One popular way to reduce the complexity is to map a spatial state of our system \(\mathbf{s_t} \in \mathbb{R}^{n^3}\) into a much lower dimensional state \(\mathbf{c_t} \in \mathbb{R}^{m}\), with \(m \ll n^3\). Within this latent space, we estimate the evolution of our system by inferring a new state \(\mathbf{c_{t+1}}\), which we then decode to obtain \(\mathbf{s_{t+1}}\). In order for this to work, it’s crucial that we can choose \(m\) large enough that it captures all important structures in our solution manifold, and that the time prediction of \(\mathbf{c_{t+1}}\) can be computed efficiently, such that we obtain a gain in performance despite the additional encoding and decoding steps. In practice, the explosion in terms of unknowns for regular simulations (the \(\mathcal{O}(n^3)\) above) coupled with a super-linear complexity for computing a new state \(\mathbf{s_t}\) directly makes this approach very expensive, while working with the latent space points \(\mathbf{c}\) very quickly pays off for small \(m\).
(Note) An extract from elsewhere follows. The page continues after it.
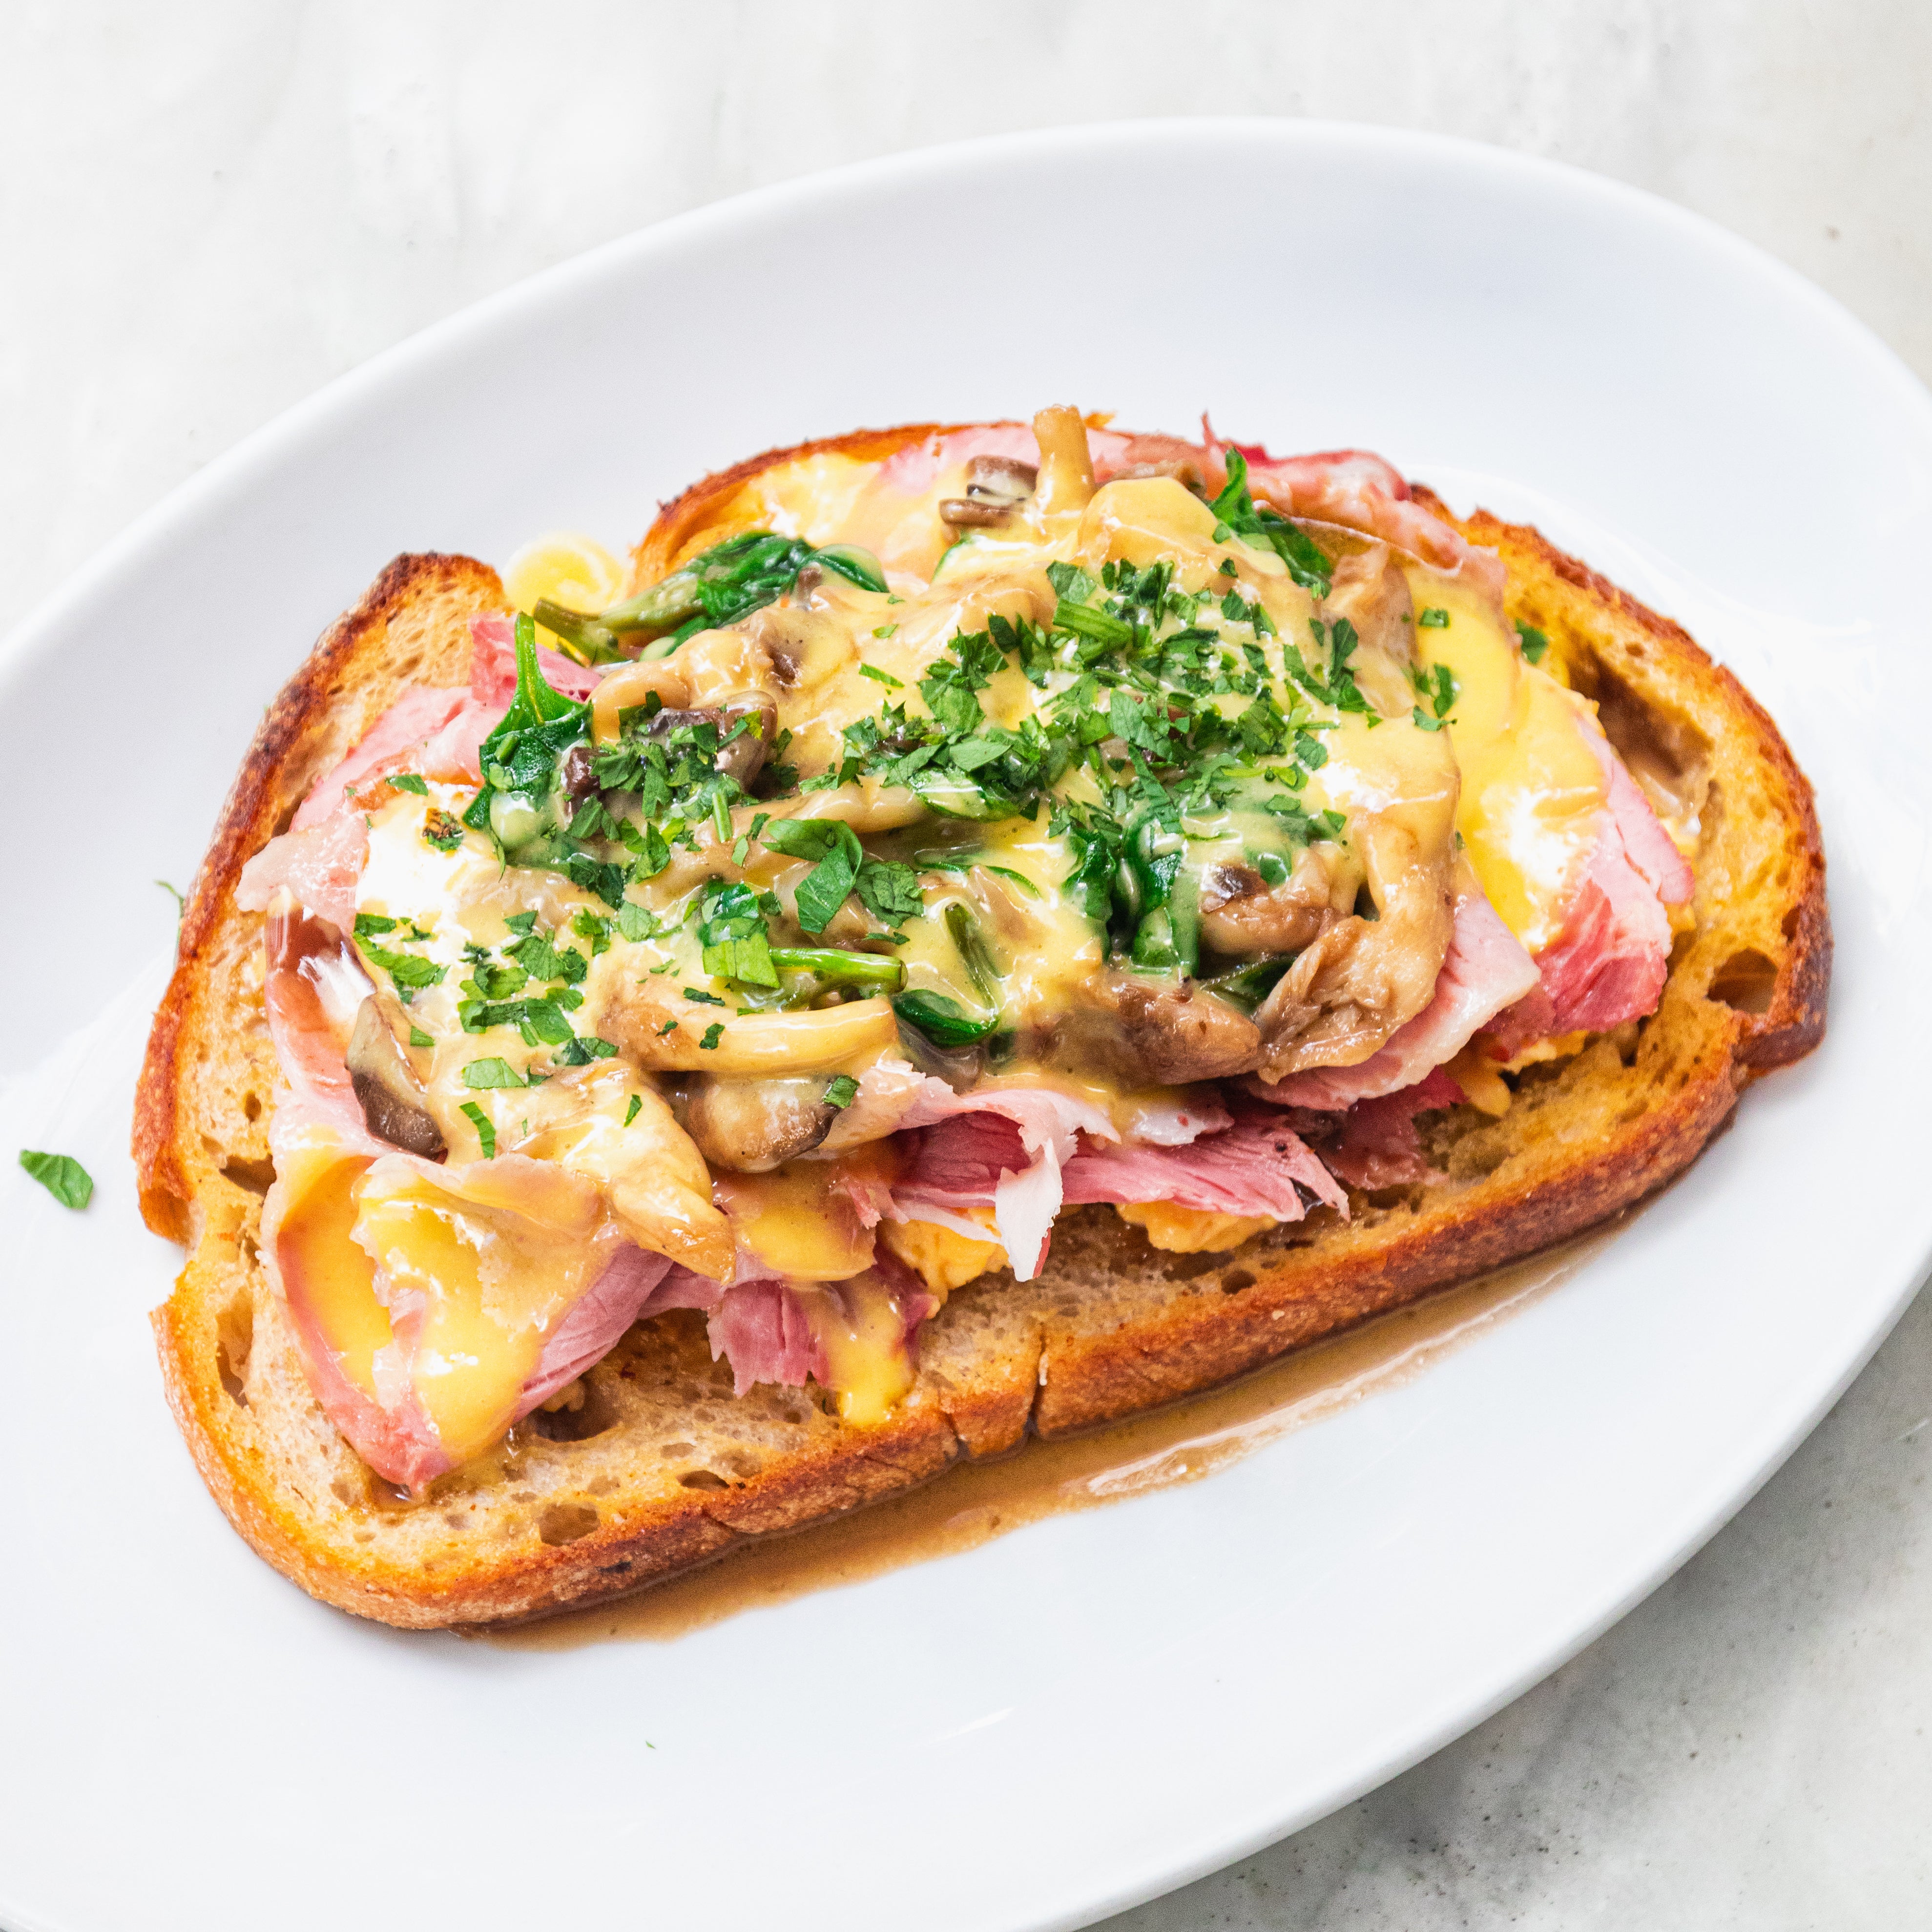 Ham, Mushrooms, and Eggs on Toast

However, it’s crucial that encoder and decoder do a good job at reducing the dimensionality of the problem. This is a very good task for DL approaches. Furthermore, we then need a time evolution of the latent space states \(\mathbf{c}\), and for most practical model equations, we cannot find closed form solutions to evolve \(\mathbf{c}\). Hence, this likewise poses a very good problem for DL. To summarize, we’re facing two challenges: learning a good spatial encoding and decoding, together with learning an accurate time evolution. Below, we will describe an approach to solve this problem following Wiewel et al. [WBT19] & [WKA+20], which in turn employs the encoder/decoder of Kim et al. [KAT+19].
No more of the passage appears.